Factoring is a crucial skill when dealing with rational expressions, as it simplifies the process of multiplication and simplification. It's the method of breaking down complex expressions into simpler, more manageable products. In this particular exercise, we start by factoring both the numerators and denominators of the expressions.

• Factoring the Numerators: The first numerator is a difference of squares, with the expression being \(t^2 - 1\). The difference of squares is a special form that factors into \((t-1)(t+1)\).
• The second numerator, \(t^2 + 2t - 15\), requires finding two numbers that multiply to \(-15\) and add to 2. These numbers are \(-3\) and 5, which gives the factorization \((t-3)(t+5)\).
• Factoring the Denominators: For the first denominator \(t^2 + 4t + 3\), determine two numbers that multiply to 3 and add to 4, which are 1 and 3, resulting in \((t+1)(t+3)\).
• The second denominator \(t^2 - 4t + 3\) factors into \((t-1)(t-3)\) by finding numbers that multiply to 3 and add to \(-4\), namely \(-1\) and \(-3\).

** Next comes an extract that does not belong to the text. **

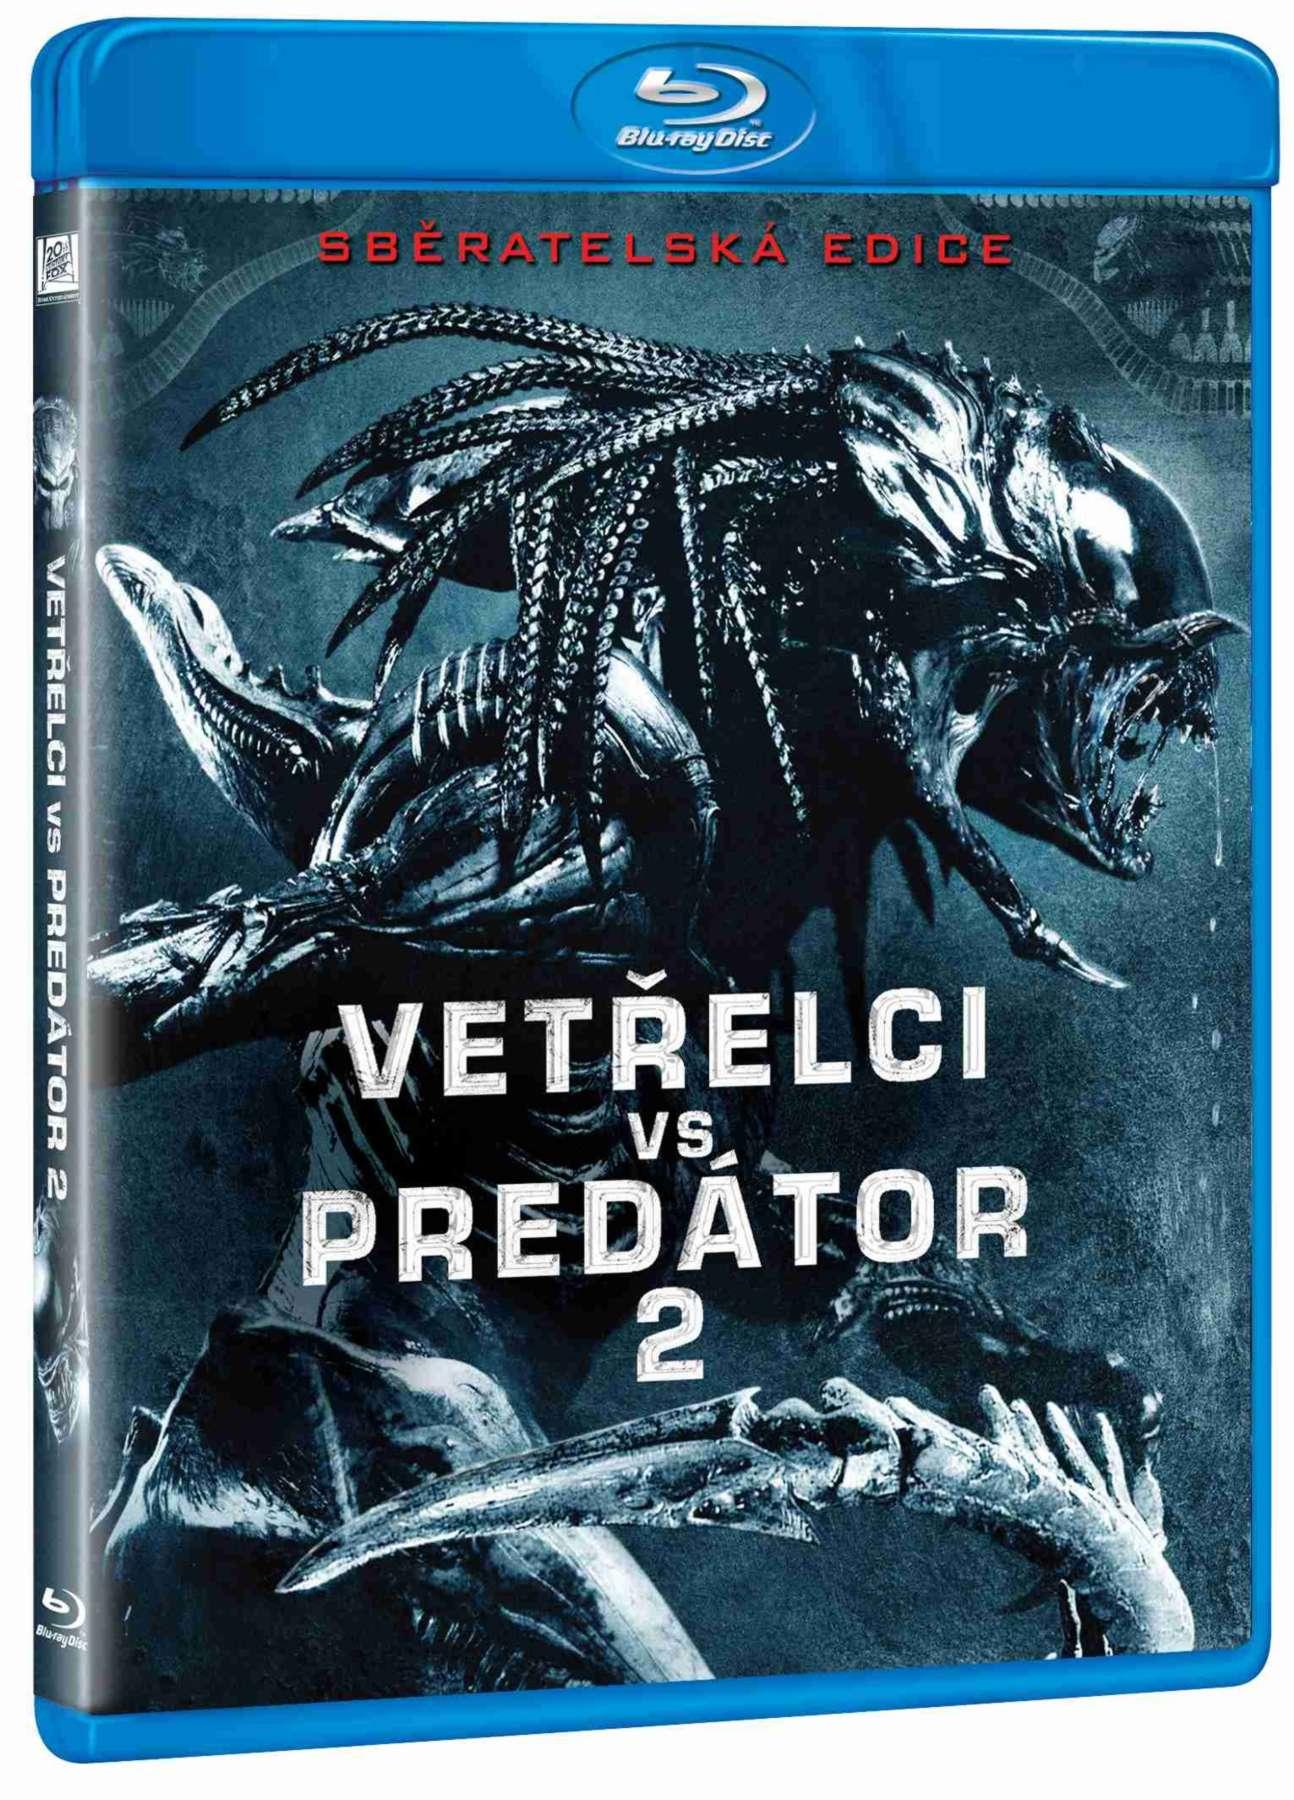 VETŘELCI VS PREDÁTOR 2 - Blu-ray
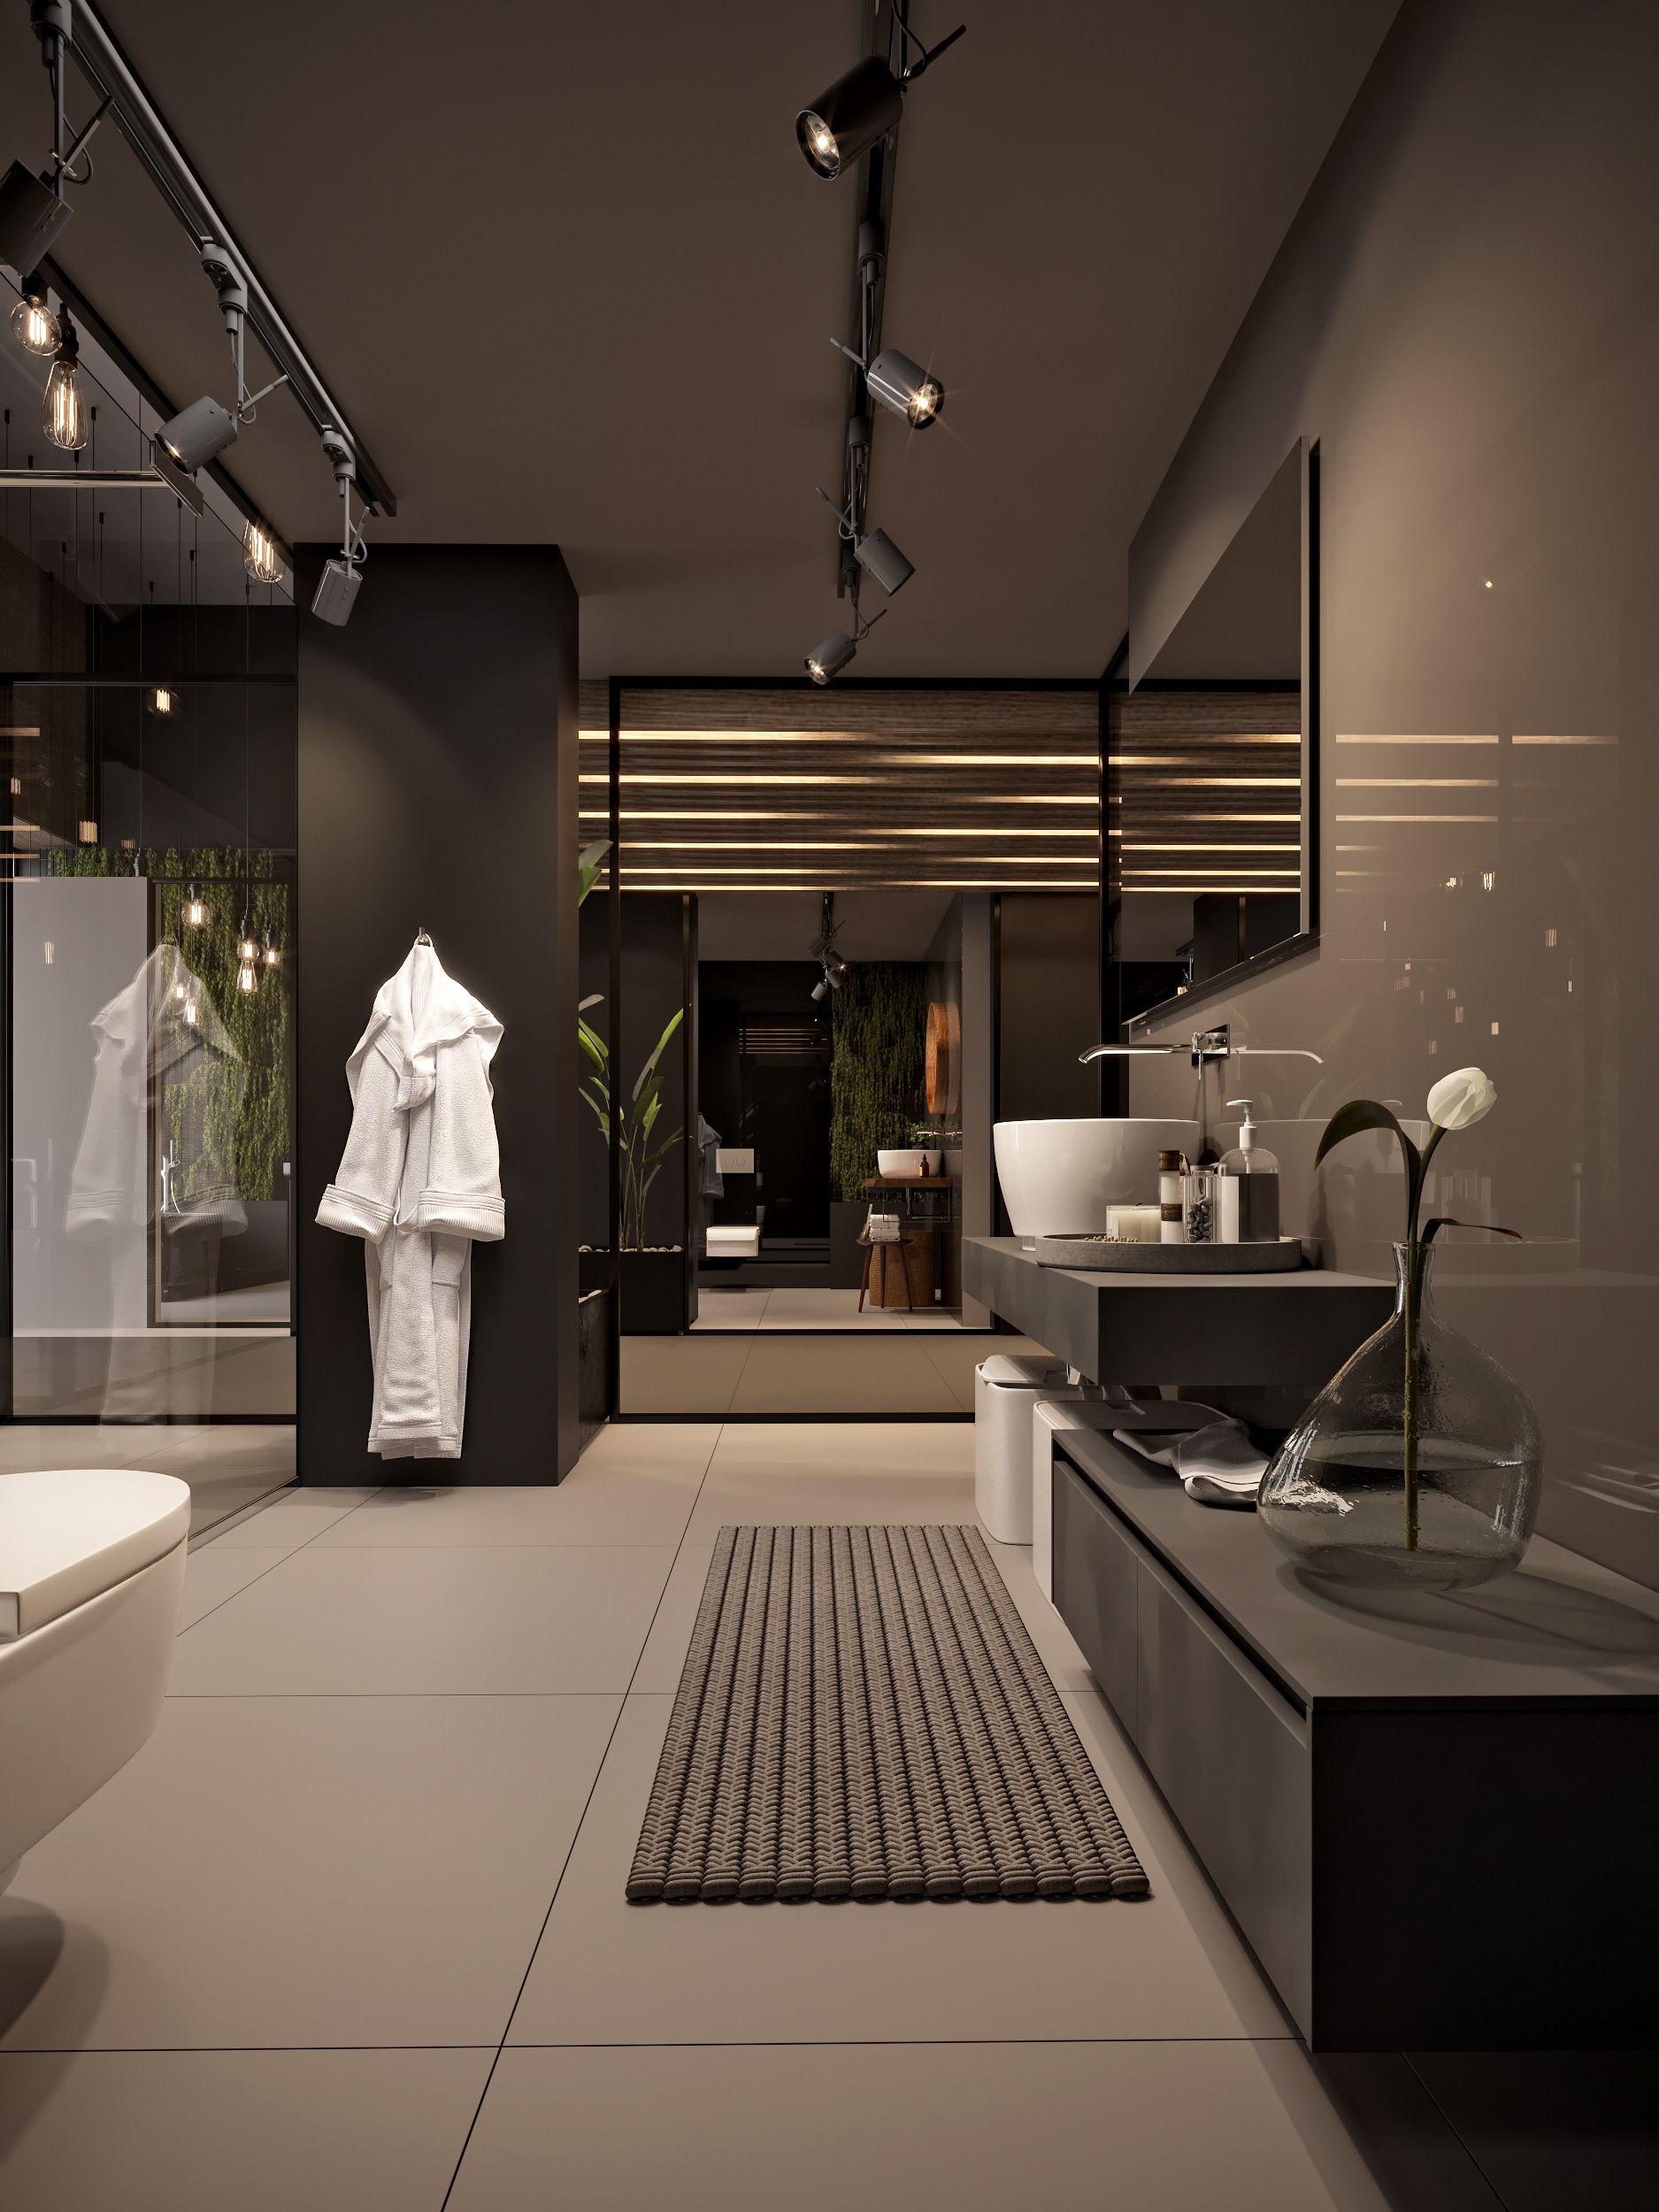 Bathroom Showroom Design By M Serhat Sezgin Dream House Decor Dream House Interior Mansion Interior

Factoring helps set the stage for multiplication and simplification, making both processes easier and more efficient.

Multiplying rational expressions involves multiplying the numerators together and the denominators together, similar to how you multiply fractions. Once each part is factored, the multiplication becomes straightforward.

• First, re-write the rational expressions in their factored form. This gives us \(\frac{(t-1)(t+1)}{(t+1)(t+3)} \cdot \frac{(t-3)(t+5)}{(t-1)(t-3)}\).
• Next, combine the numerators and the denominators: Now, you're dealing with the product \((t-1)(t+1)(t-3)(t+5)\) over \((t+1)(t+3)(t-1)(t-3)\).

This step lays important foundational work for the simplification by making the common factors clear and easier to cancel out.

Simplification is the process of cancelling out common factors across the numerator and denominator. This reduces the expression to its simplest form.

• After writing the product, identify and cancel common factors present in both the numerator and the denominator. In our case, \((t-1), (t+1),\) and \((t-3)\) appear in both parts and can be cancelled.
• This leaves us with \(\frac{1}{(t+3)} \times (t+5)\).
• Finally, multiply the simplified terms to reach the final answer: \(\frac{t+5}{t+3}\).

This entire process of identifying and cancelling like terms ensures the result is the most reduced version of the original expression.